(July 11, 2023)
Long-COVID is a group of health problems that either persist or begin after a typical COVID recovery period (3 months after onset), and is long-term, multi-system, and often severe. CDC COVID statistics say over 6 million Americans have been hospitalized from it and over 1 million have died (almost 400 times the deaths from the “9-11” attacks). Unvaccinated status has 6 times the risk of developing COVID and 14 times the risk of dying from it. (Most severe cases are spread from contact with someone with mild or minimal symptoms.)
 
The  most common Long-COVID symptoms are fatigue, shortness of breath, and memory problems (with possible increased future dementia risk). Every body system can be affected (to different degrees depending on previous health status, with poor health such as diabetes dramatically increasing risk of severity). These symptoms impact daily functioning, resulting in increased numbers of people staying off work or leaving their jobs, often due to chronic fatigue and low energy.
 
So many parts of the body are affected because of immune system malfunction; Long-COVID starts to act like an autoimmune disease in arteries, damaging everything else, including the immune system’s “memory function” which we depend on to protect against future recurrences. Long-COVID prevalence is estimated at 5-50% (tens of millions of Americans), depending on definition of diagnosis and severity.
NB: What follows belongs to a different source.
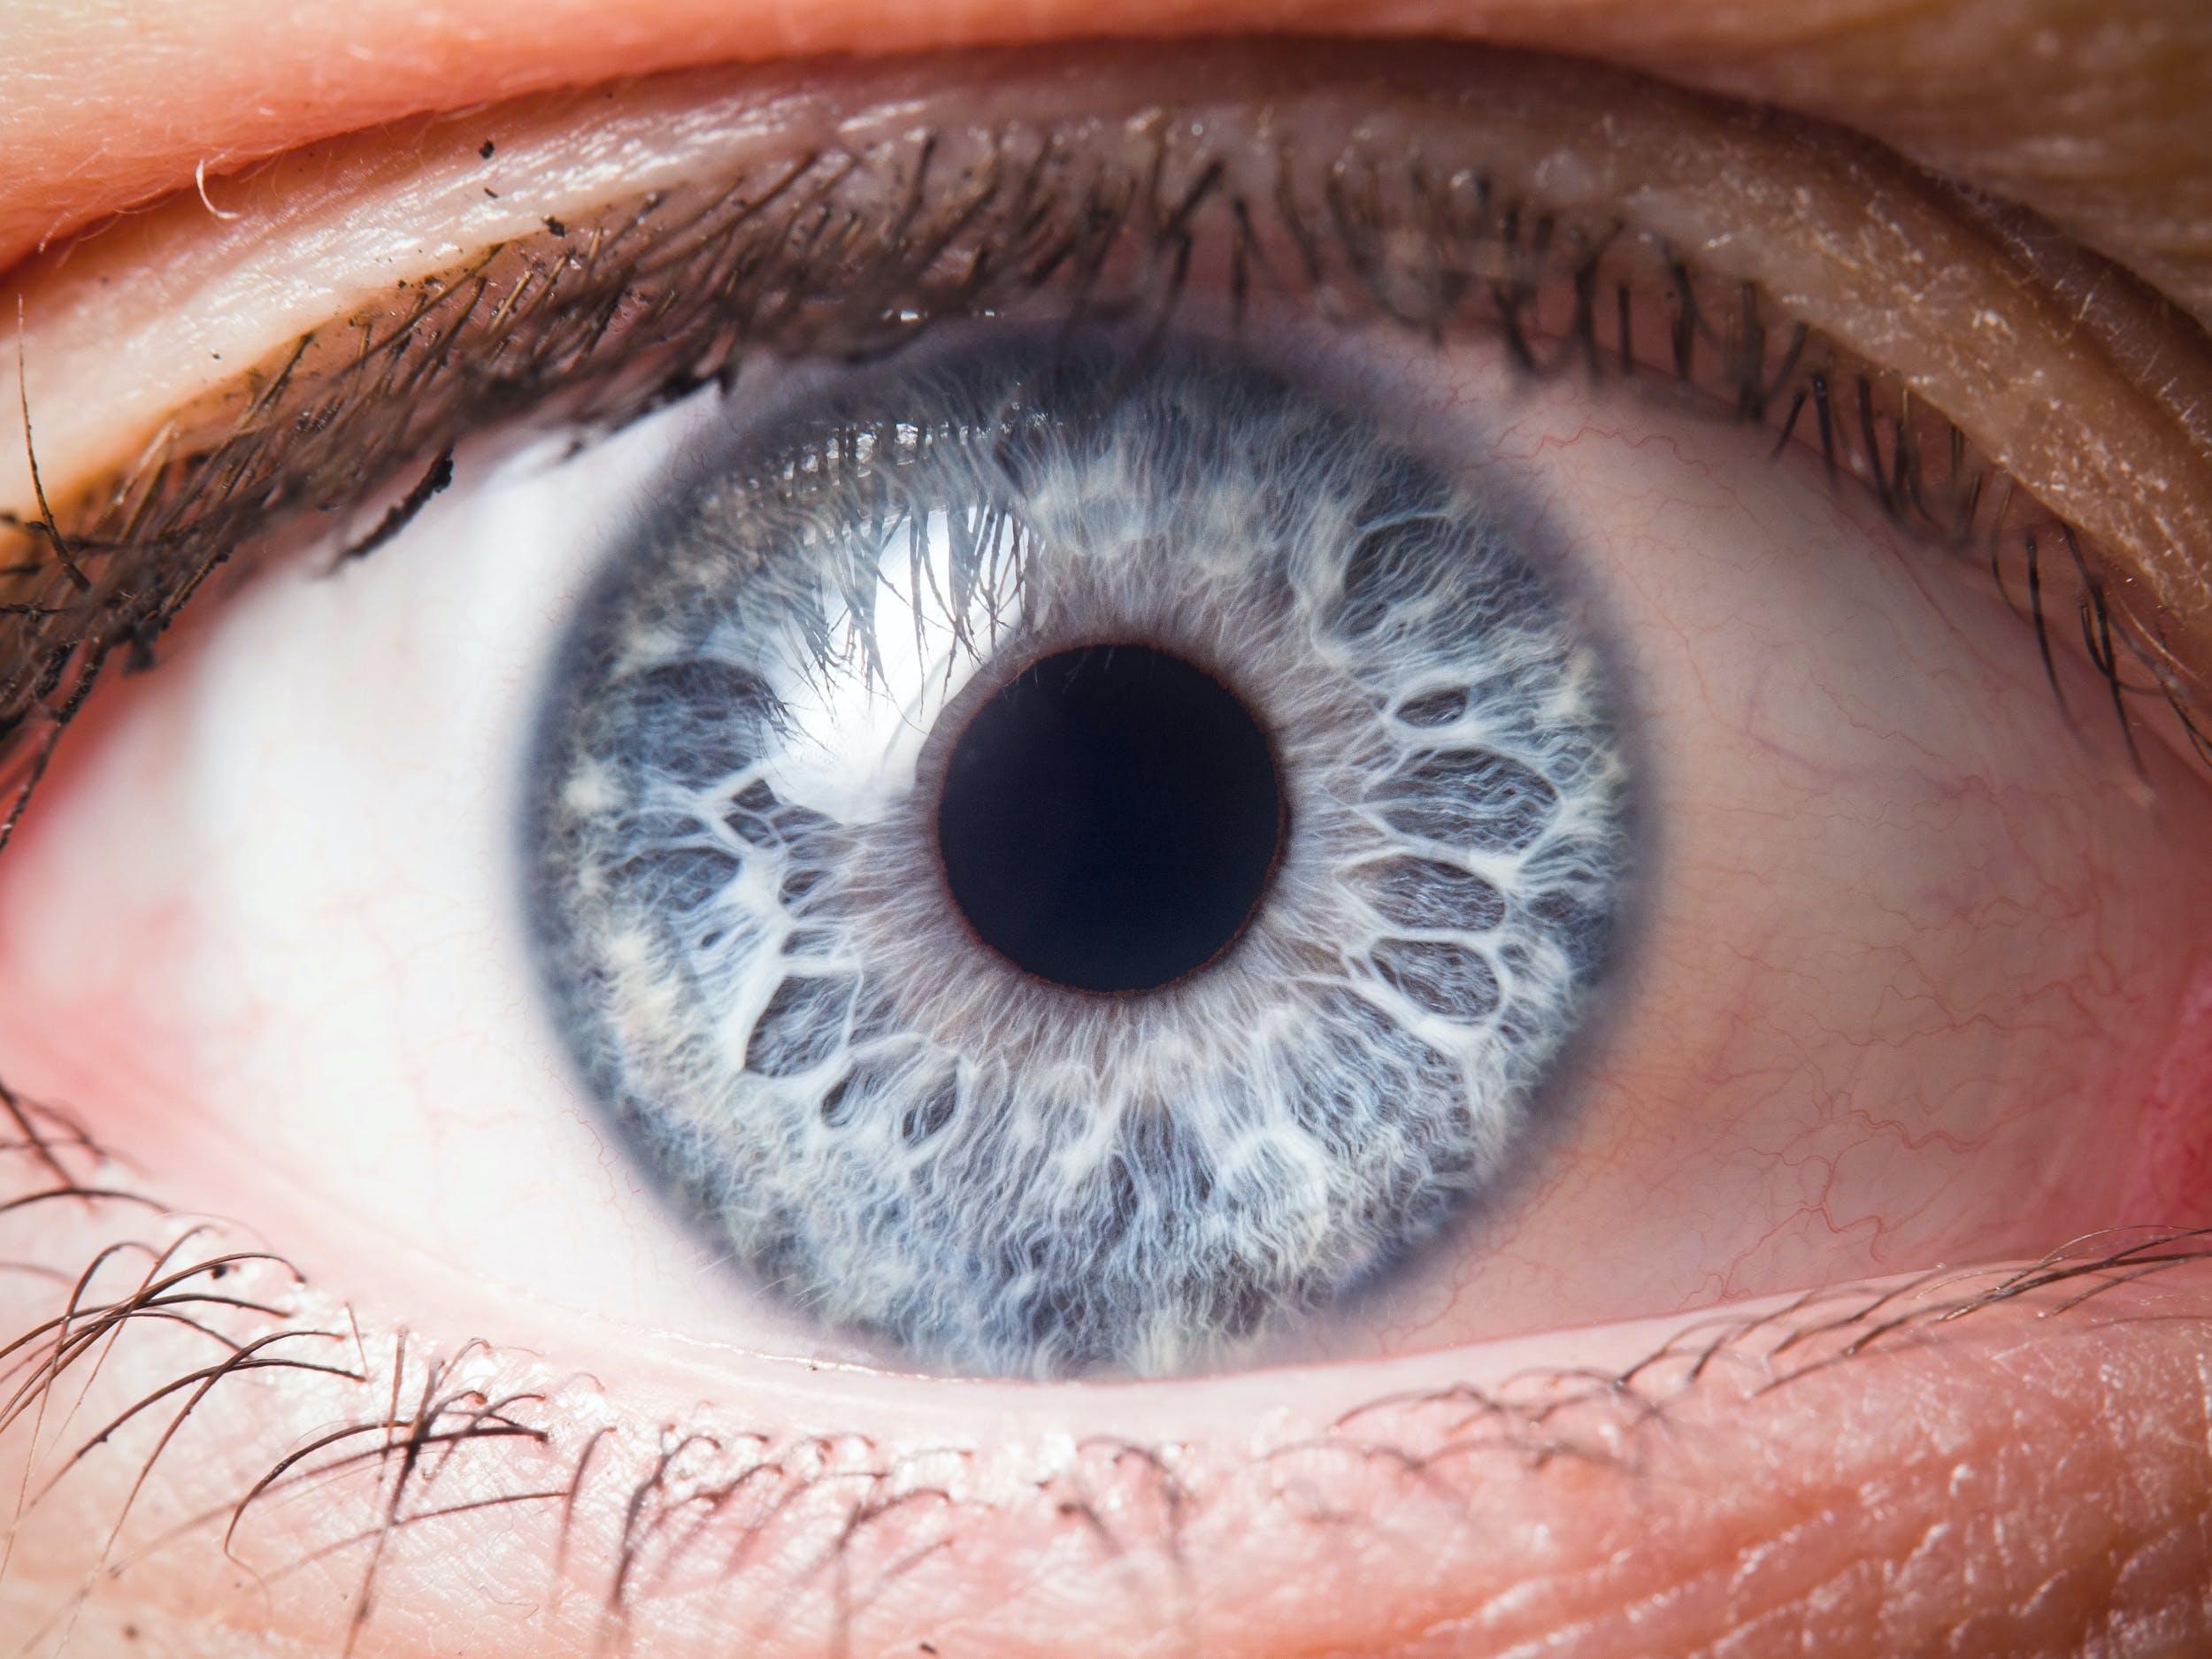 hur många har gröna ögon i världen

There are no standard lab tests for diagnosis, and no drug treatments for it. (You can’t repair biological damage with drug molecules that don’t exist in nature, because the body is made from nutrient molecules that do exist in nature.)
 
Although Long-COVID is less likely if the initial infection was milder, it can occur even after non-apparent initial cases. It overlaps with Chronic Fatigue Syndrome, and both can involve reactivation of old Epstein-Barr Virus (in the Herpes family of viruses, which hibernate lifelong in the nervous system).
 
Health factors with increased risk include diabetes, overweight, insulin resistance, hypertension, and lung disease, which are all mediated by biochemical inflammation. Lifestyle factors include poor nutrition, smoking, stress, and poor sleep (under 8 hours). (Sugar & high-carb diets increase risk even without diabetes.) The best lifestyle defense is to stay healthy (healthful “organic diet”, exercise, low stress, don’t smoke, low alcohol, and good-quality sleep).
 
People often ask about COVID nutritional supplements. Studies show help from antioxidants such as Vitamin C up to 2000 mg daily spread throughout the day, and Astaxanthin 1 gelcap daily (a potent oil-soluble antioxidant that penetrates cell membranes). Oil of oregano mobilizes the immune system quicker (take one gelcap immediately at onset of any viral symptoms; available at Sprouts Market; keep refrigerated for freshness). Other supportive nutrients (buy good quality) include vitamin D3 (keep blood levels of 25-OH D3 up to 50s or 60s), Magnesium, Zinc, and Selenium. (Minerals should be in chelated form for bioavailability, not as “oxide”. Anti-acid drugs interfere with absorption.)